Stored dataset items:
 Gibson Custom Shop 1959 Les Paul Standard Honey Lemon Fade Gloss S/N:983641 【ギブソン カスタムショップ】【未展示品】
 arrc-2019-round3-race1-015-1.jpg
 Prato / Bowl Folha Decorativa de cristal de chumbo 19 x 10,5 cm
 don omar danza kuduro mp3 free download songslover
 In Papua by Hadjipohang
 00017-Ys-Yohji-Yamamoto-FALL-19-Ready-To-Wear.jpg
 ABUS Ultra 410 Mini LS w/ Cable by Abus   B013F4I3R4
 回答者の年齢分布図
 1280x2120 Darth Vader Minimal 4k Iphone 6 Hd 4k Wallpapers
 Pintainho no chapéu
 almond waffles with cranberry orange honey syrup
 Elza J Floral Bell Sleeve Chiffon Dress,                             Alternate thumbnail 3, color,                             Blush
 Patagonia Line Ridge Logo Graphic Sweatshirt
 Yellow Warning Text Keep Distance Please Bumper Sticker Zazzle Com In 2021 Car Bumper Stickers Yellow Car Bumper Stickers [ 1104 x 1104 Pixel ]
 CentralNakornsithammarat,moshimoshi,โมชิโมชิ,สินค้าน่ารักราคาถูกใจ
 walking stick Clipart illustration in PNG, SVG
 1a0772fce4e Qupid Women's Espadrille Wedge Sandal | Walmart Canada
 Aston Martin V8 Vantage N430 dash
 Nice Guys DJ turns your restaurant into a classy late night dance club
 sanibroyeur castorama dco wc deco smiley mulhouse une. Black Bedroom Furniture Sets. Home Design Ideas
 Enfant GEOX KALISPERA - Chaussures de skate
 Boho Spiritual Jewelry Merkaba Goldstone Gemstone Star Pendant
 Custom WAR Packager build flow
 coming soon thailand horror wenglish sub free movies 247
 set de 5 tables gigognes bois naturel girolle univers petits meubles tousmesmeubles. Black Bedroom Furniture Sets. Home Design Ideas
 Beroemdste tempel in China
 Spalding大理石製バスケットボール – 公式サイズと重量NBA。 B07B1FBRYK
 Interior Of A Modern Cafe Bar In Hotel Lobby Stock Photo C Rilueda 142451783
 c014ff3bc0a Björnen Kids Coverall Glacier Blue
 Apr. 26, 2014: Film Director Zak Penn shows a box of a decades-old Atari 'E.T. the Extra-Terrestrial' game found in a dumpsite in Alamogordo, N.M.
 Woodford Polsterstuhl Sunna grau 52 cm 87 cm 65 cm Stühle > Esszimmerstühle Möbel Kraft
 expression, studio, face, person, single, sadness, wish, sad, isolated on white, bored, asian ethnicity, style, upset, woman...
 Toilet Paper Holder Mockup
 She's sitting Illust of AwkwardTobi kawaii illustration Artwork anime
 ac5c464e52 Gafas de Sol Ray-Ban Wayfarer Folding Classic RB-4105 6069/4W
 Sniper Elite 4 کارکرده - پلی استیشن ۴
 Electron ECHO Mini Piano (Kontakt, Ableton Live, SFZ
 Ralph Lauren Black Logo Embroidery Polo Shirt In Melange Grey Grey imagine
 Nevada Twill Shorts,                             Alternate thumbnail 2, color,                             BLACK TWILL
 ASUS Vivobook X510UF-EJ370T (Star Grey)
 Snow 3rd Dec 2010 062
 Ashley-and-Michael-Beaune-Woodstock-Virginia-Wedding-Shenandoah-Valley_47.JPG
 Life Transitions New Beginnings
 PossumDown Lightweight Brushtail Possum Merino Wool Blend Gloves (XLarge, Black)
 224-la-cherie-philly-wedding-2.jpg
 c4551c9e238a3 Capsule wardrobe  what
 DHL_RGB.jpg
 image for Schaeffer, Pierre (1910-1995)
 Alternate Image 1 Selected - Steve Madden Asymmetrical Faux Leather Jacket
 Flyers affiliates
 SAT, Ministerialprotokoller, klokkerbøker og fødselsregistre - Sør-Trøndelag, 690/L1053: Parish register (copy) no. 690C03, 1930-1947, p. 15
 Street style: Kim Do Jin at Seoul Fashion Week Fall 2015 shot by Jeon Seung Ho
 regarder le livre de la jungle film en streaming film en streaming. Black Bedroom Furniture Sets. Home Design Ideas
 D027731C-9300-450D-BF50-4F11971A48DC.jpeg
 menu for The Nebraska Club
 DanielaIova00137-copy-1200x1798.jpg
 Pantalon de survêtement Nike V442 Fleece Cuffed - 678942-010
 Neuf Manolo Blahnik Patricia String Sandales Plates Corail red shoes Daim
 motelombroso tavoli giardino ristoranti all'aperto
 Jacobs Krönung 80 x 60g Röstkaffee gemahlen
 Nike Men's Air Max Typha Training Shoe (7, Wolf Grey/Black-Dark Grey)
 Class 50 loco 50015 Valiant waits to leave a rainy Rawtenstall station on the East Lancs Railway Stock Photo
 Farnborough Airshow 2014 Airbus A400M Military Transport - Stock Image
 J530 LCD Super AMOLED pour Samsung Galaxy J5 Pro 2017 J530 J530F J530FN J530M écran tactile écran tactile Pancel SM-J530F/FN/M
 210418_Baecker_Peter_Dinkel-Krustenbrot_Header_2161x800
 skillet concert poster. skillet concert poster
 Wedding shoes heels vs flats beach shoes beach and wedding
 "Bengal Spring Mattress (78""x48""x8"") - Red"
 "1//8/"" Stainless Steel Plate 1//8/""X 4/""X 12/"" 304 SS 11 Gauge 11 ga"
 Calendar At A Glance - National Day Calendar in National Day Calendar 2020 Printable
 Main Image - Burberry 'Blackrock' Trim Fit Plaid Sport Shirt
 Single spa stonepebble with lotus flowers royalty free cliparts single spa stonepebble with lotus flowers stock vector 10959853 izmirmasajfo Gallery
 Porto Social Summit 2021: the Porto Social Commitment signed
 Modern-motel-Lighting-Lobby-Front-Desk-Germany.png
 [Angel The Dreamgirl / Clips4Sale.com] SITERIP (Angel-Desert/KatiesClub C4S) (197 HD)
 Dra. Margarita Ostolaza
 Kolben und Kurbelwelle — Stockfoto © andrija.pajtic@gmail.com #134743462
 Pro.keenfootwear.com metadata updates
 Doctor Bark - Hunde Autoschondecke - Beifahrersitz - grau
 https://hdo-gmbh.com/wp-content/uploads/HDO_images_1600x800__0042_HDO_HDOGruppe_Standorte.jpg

## What you have to do
Each line from the one containing "Dra. Margarita Ostolaza" to the close of the records must appear in the output exactly, and no other line.

## Written answer
 Dra. Margarita Ostolaza
 Kolben und Kurbelwelle — Stockfoto © andrija.pajtic@gmail.com #134743462
 Pro.keenfootwear.com metadata updates
 Doctor Bark - Hunde Autoschondecke - Beifahrersitz - grau
 https://hdo-gmbh.com/wp-content/uploads/HDO_images_1600x800__0042_HDO_HDOGruppe_Standorte.jpg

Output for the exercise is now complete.